Scaling up the GATK RNA-seq Variant Calling Pipeline with Apache Spark

More Info
expand_more

Abstract

Next-generation sequencing (NGS) technology has dramatically increased the availability of RNA-seq data. Though primarily used for novel gene identification, expression quantification, and splice analysis, RNA-seq is also a cheap and efficient alternative for variant calling to genome sequencing data. RNA sequencing costs less than genome sequencing. Plus, the variants discovered from RNA-seq data are expressed, which is a desired feature for researchers who want to study the relation between genotype and phenotype.

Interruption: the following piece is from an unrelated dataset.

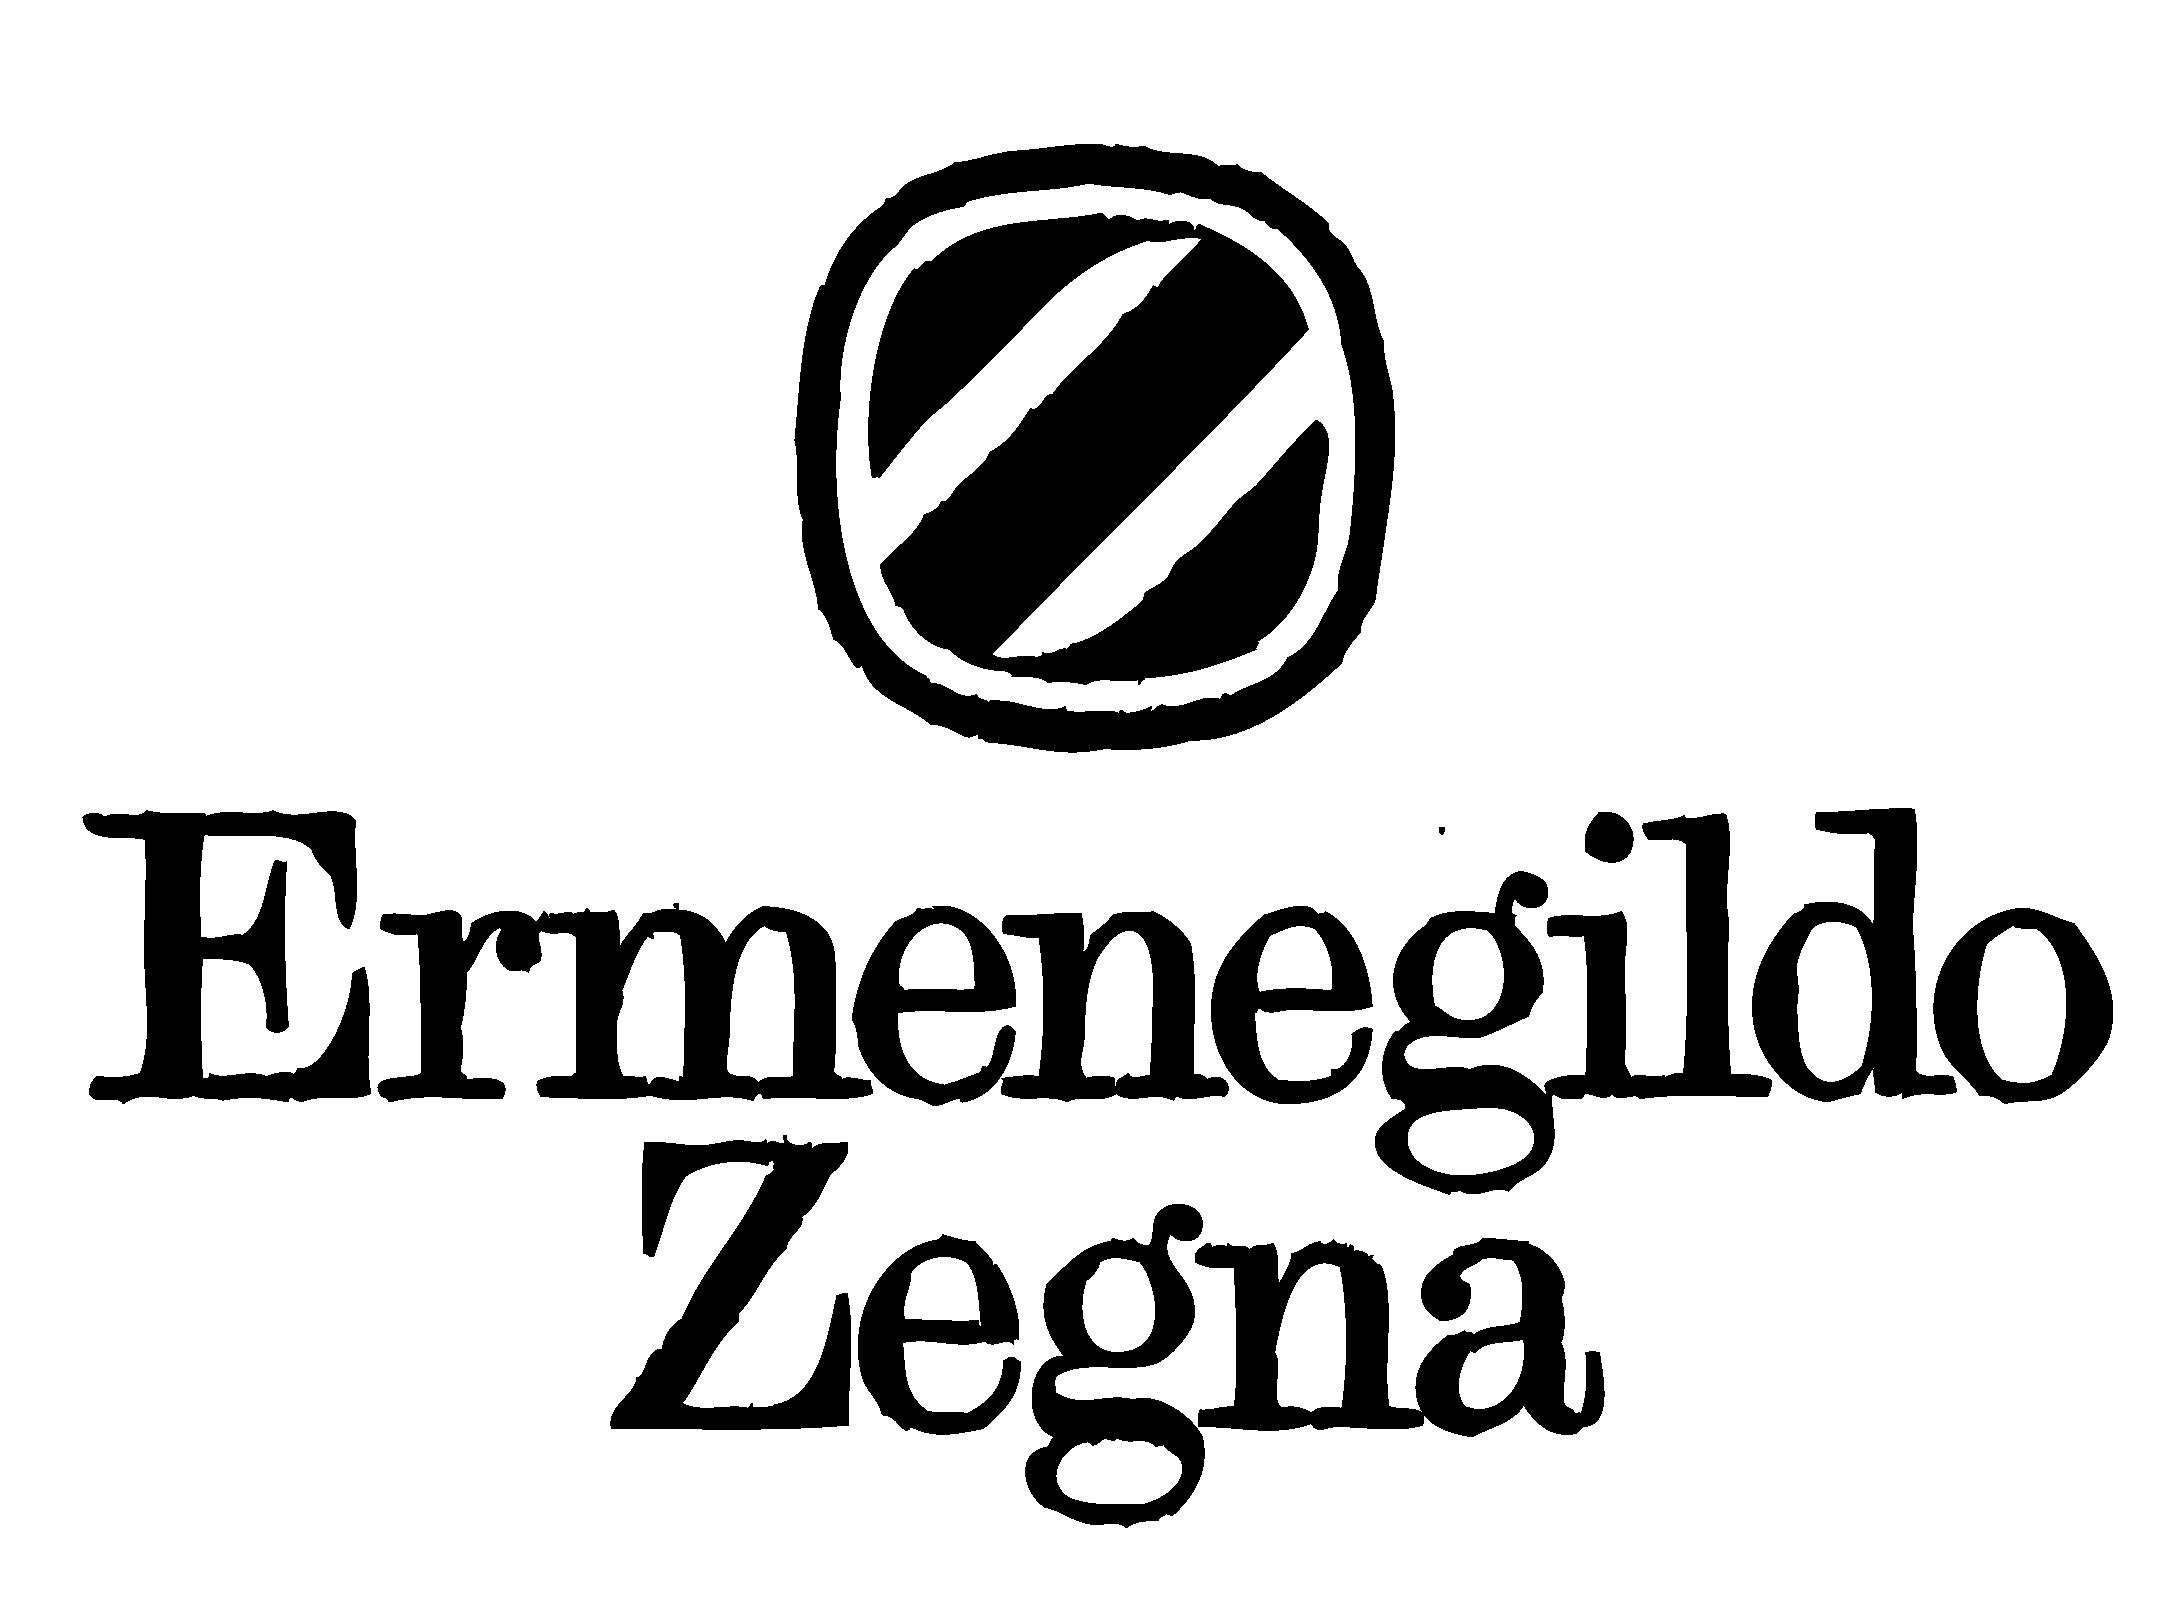 Ermenegildo_Zegna_logo-01.png

What’s more, variants called in RNA-seq data can be used to validate the discoveries from whole-genome sequencing (WGS) or wholeexome sequencing (WES). The GATK team has adapted the Best Practices pipeline to be able to process RNA-seq data from raw FASTQ reads to variants. However, some components of the pipeline are not optimized to process large datasets efficiently. We have studied several scalable solutions that scale up the DNA-seq Best Practices pipeline in hopes of applying the most efficient framework among them to scaling up the RNA-seq pipeline. We select Spark and implement a parallel RNA-seq variant calling pipeline based on the GATK Best Practices recommendations. Whereas the original sequential pipeline takes ~29 hours to process a dataset of 50 GB with one thread, and ~16 hours with 40 threads on a node with 20 Hyper-Threading cores, our implementation takes only ~2 hours with 16 nodes, each of which has 8 CPU cores without Hyper-Threading. Our implementation is also 24.77% faster than the alternative solution while keeping equally accurate results.